The Jewish Chronicle

Analysis: Wait before cheering in this Jewish Speaker

June 25, 2009 10:52

ByDavid Cesarani, David Cesarani

1 min read

John Bercow has made history as the first Speaker to be elected after his predecessor was forced from office. He is also the first Jewish Speaker since members of the faith were permitted to sit in the House of Commons in 1858. So does Mr Bercow’s election signify a new era?

Hardly. Since 1869, when Sir George Jessel became Solicitor-General, professing Jews have held almost every minor and major position in government bar the prime ministership. It was truly a landmark when Herbert Samuel became Postmaster General, with a seat in the Cabinet, and even more so when he was appointed Home Secretary in 1916. As Secretary of State for India from 1917 to 1922, Edwin Montagu held one of the top jobs in the empire.

Nigel Lawson was a powerful and influential Chancellor of the Exchequer, while Malcolm Rifkind, the first Jewish Foreign Secretary (1995-97), had far more importance in British and world politics than John Bercow can ever dream of achieving. If Jews, before Mr Bercow, had not offered their services as Speaker, it may be because they didn’t consider it worth the candle.

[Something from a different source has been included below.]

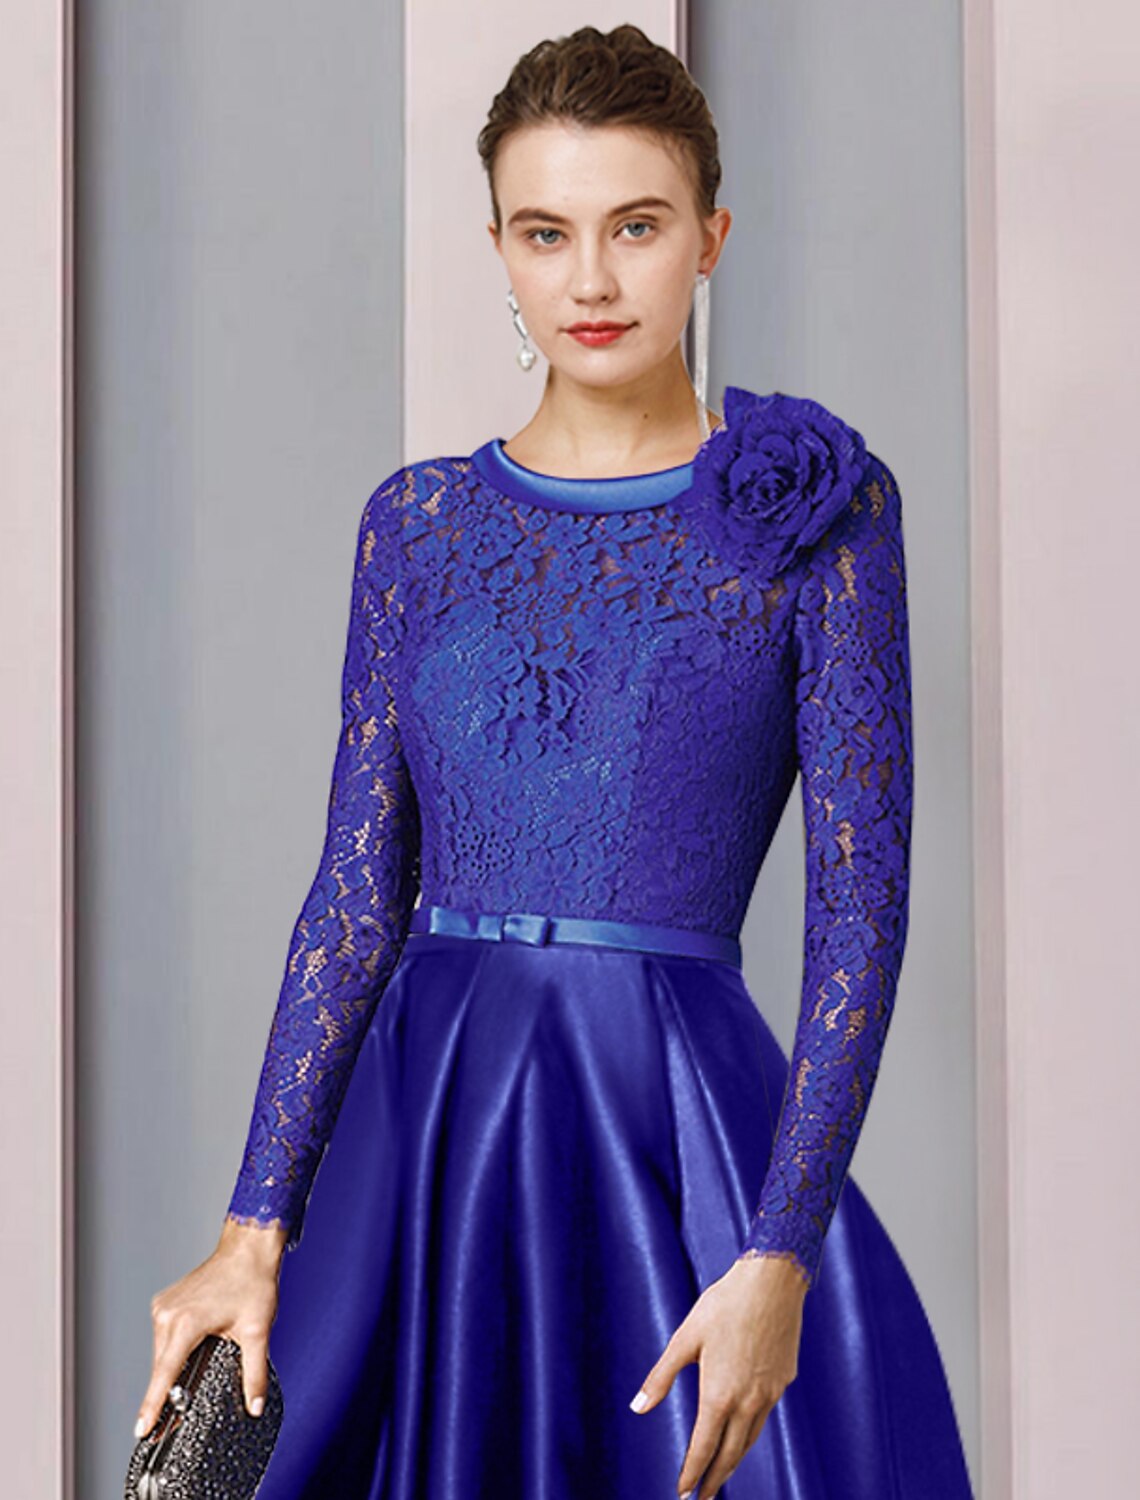 A-Line Mother of the Bride Dress Formal Church Elegant High Low Scoop Neck Satin Lace Long Sleeve with Bow Flower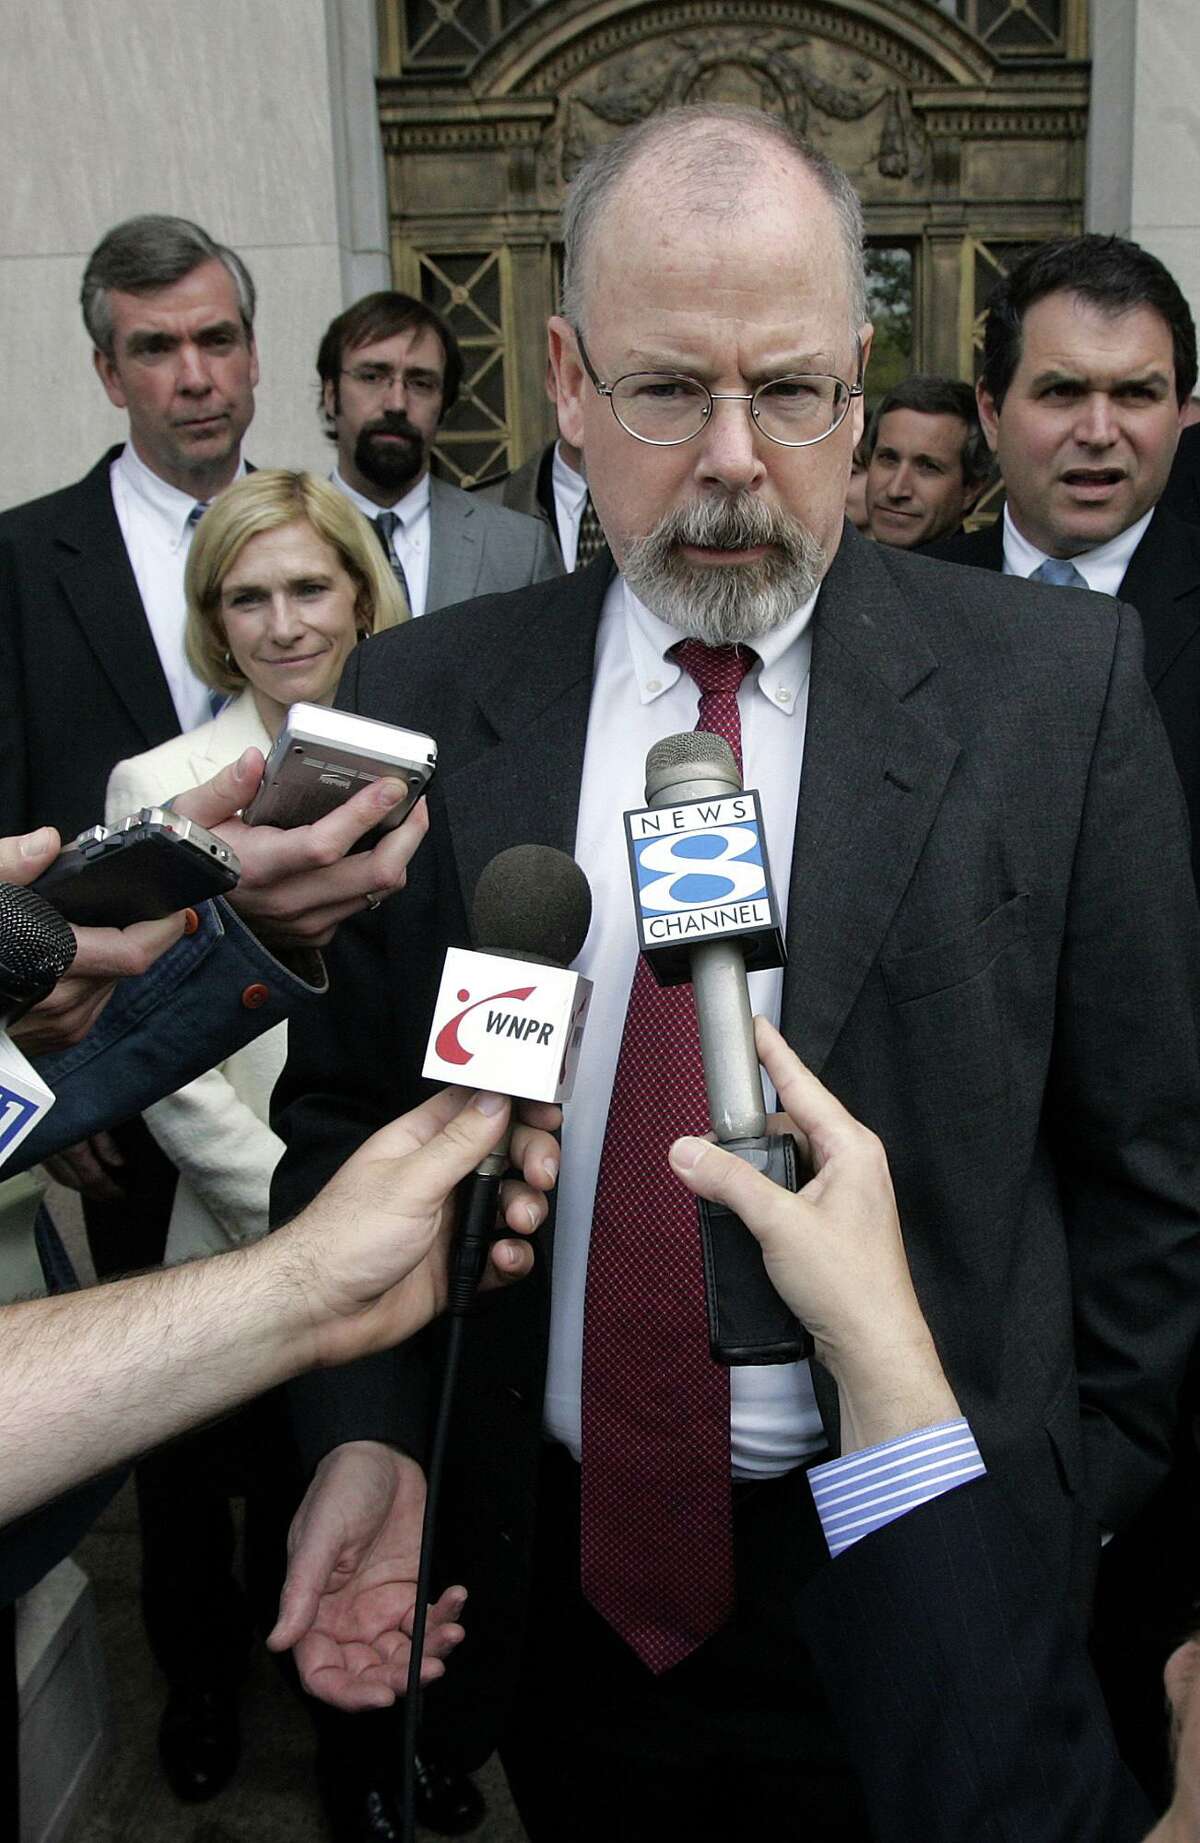 U.S. Attorney for Connecticut John Durham has been tapped by the Trump administration to investigate Ukraine’s potential role in interfering in the 2016 election.

However, it is ironic that a Jew has been chosen to clean up corruption when traditionally in British politics they have been blamed for causing it. Herbert Samuel’s political breakthrough was tarnished by the Marconi Scandal, in 1912, an alleged case of insider dealing. Just after the Second World War, a Jewish black marketeer, Sidney Stanley, was accused of suborning members of the government.

In every case, Jew-hatred fuelled the allegations and, until quite recently, the accession of Jews to positions of power in British politics has occasioned dark mutterings. Perhaps, then, the arrival in government of Sir Alan Sugar marks a more profound change.

Sir Alan typifies the prejudiced image of the Jewish “spiv”, yet his appointment as an adviser has been criticised for nothing more than exemplifying celebrity politics. We have come along way since the late 1980s, when Viscount Macmillan quipped that there were “more old Estonians than Old Etonians” in Mrs Thatcher’s second administration and the Conservative Party bridled at the prospect of Lord Young as its chairman.

Bercow is a beneficiary of battles fought and won by Jewish politicos long ago. Whether it was worth the bother remains to be seen.